__YOUR TASK__
Begin with the line that holds "Gina Tricot Nákupní taška 'Zia' nebeská modř" and retype through the last line of the listing below, exactly; pictures are not part of the copy.

== SOURCE DATA ==

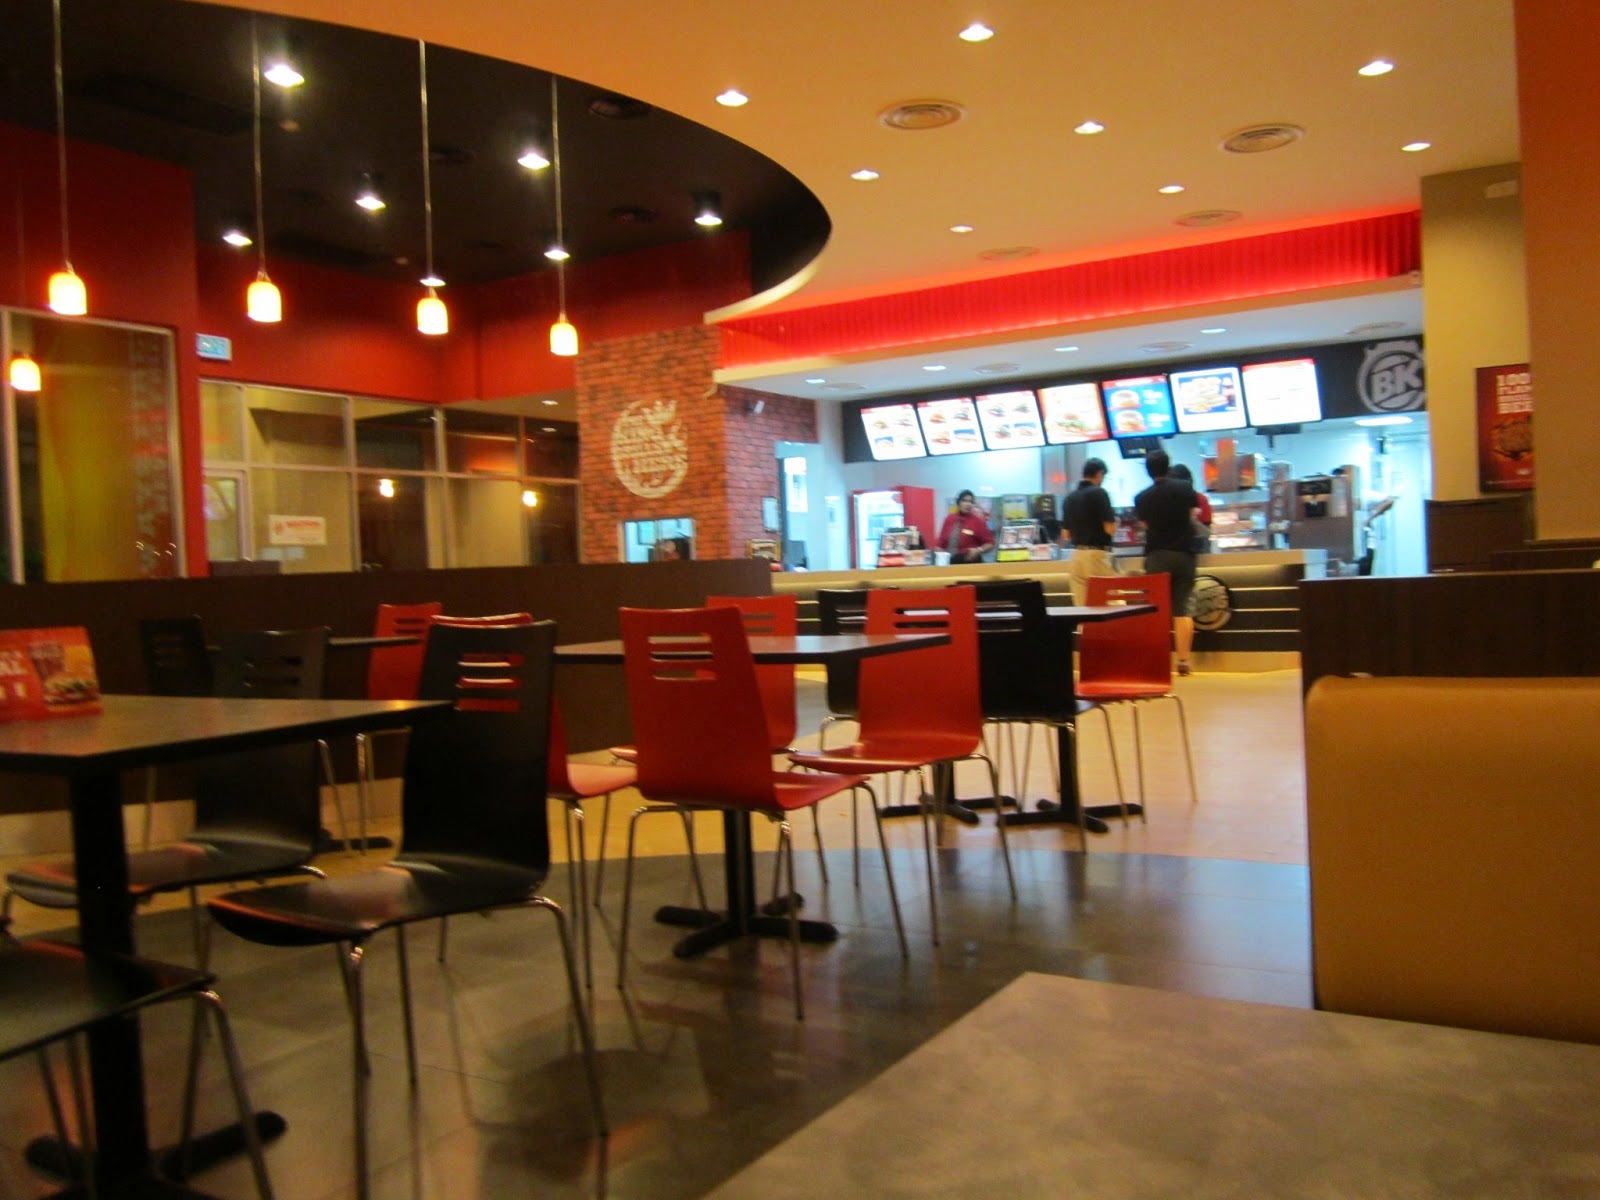 Our Journey : Penang Precinct 10 - Burger King Fast Food Restaurants
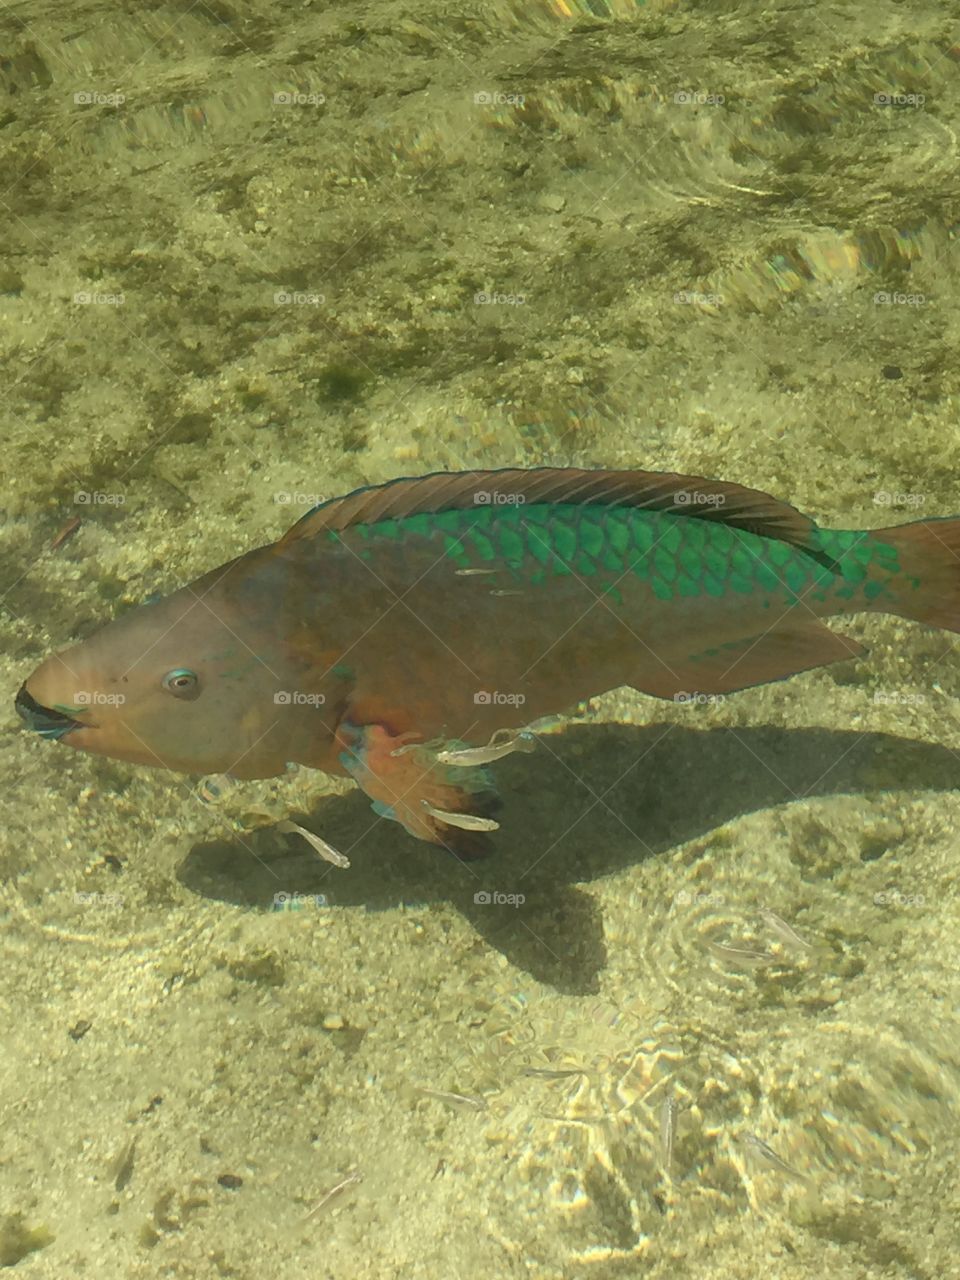 Parrotfish close up
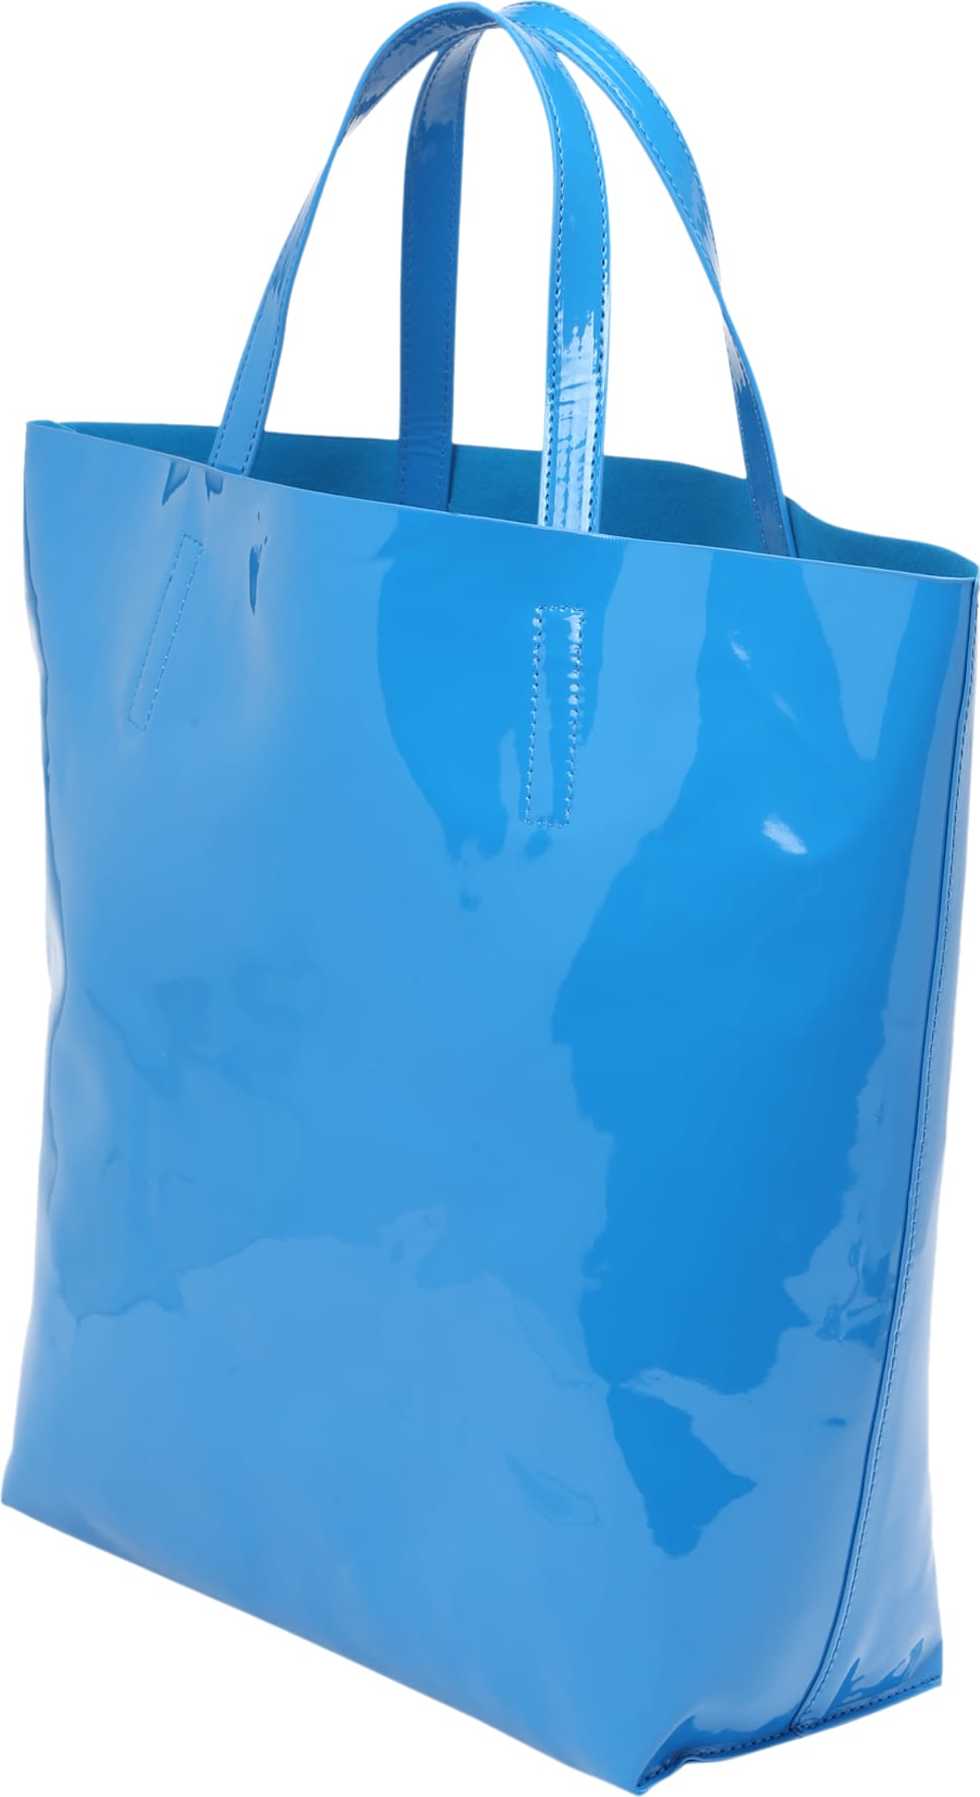 Gina Tricot Nákupní taška 'Zia' nebeská modř
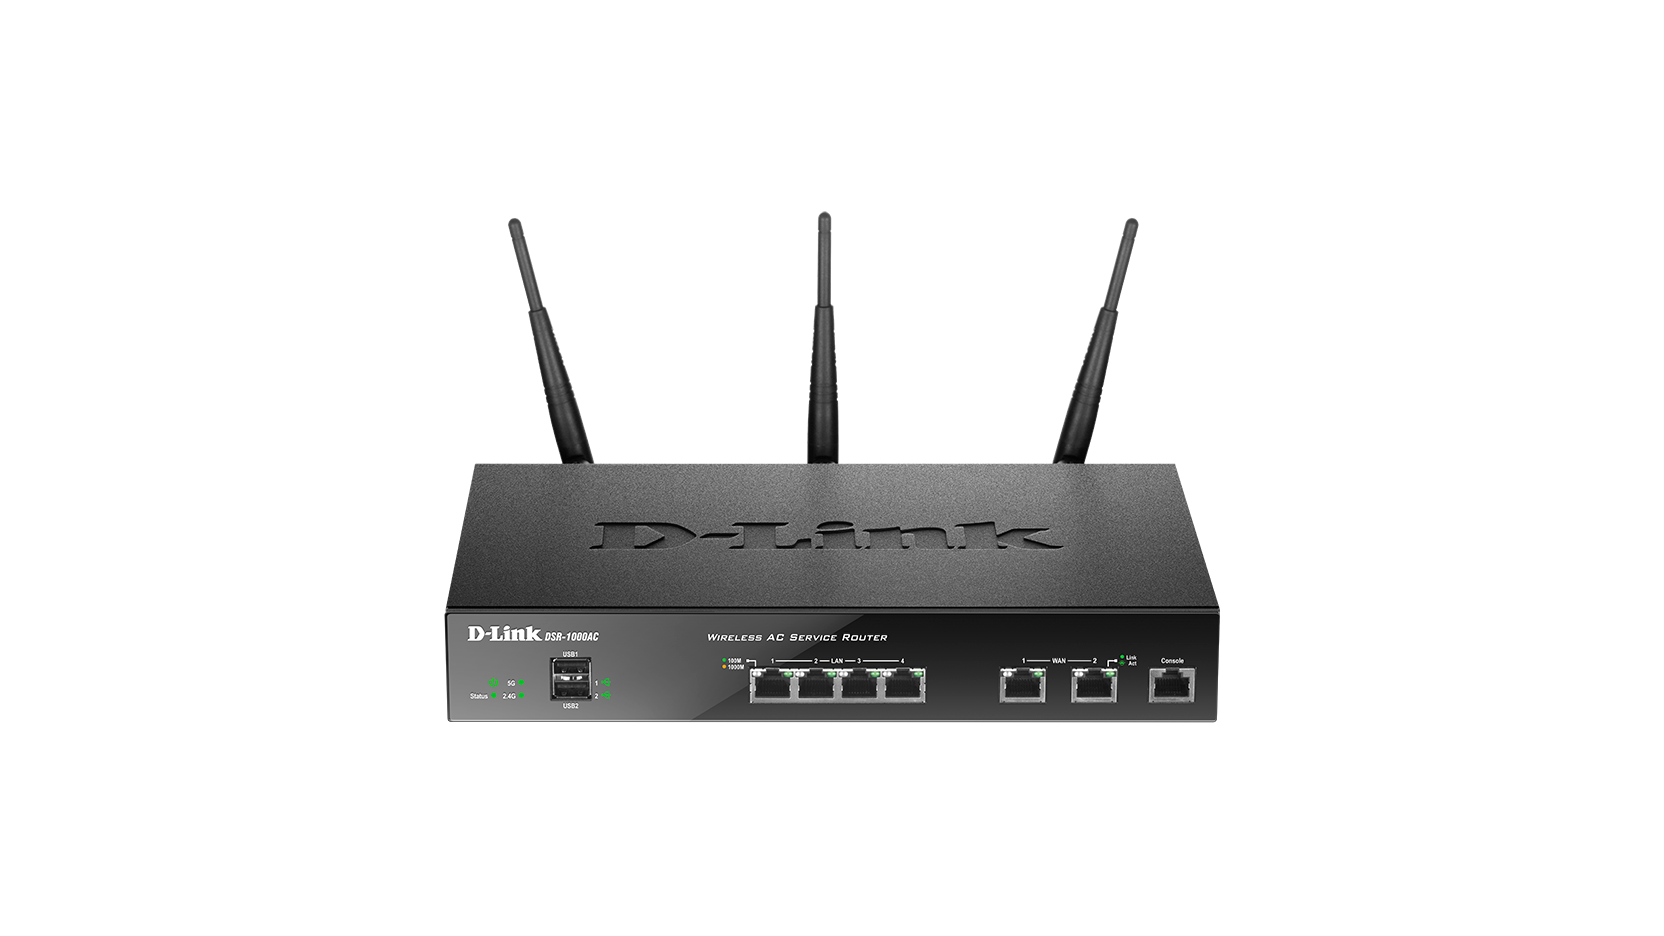 wireless ac router vpn pass

===

__ANSWER BOX__
 Gina Tricot Nákupní taška 'Zia' nebeská modř
 wireless ac router vpn pass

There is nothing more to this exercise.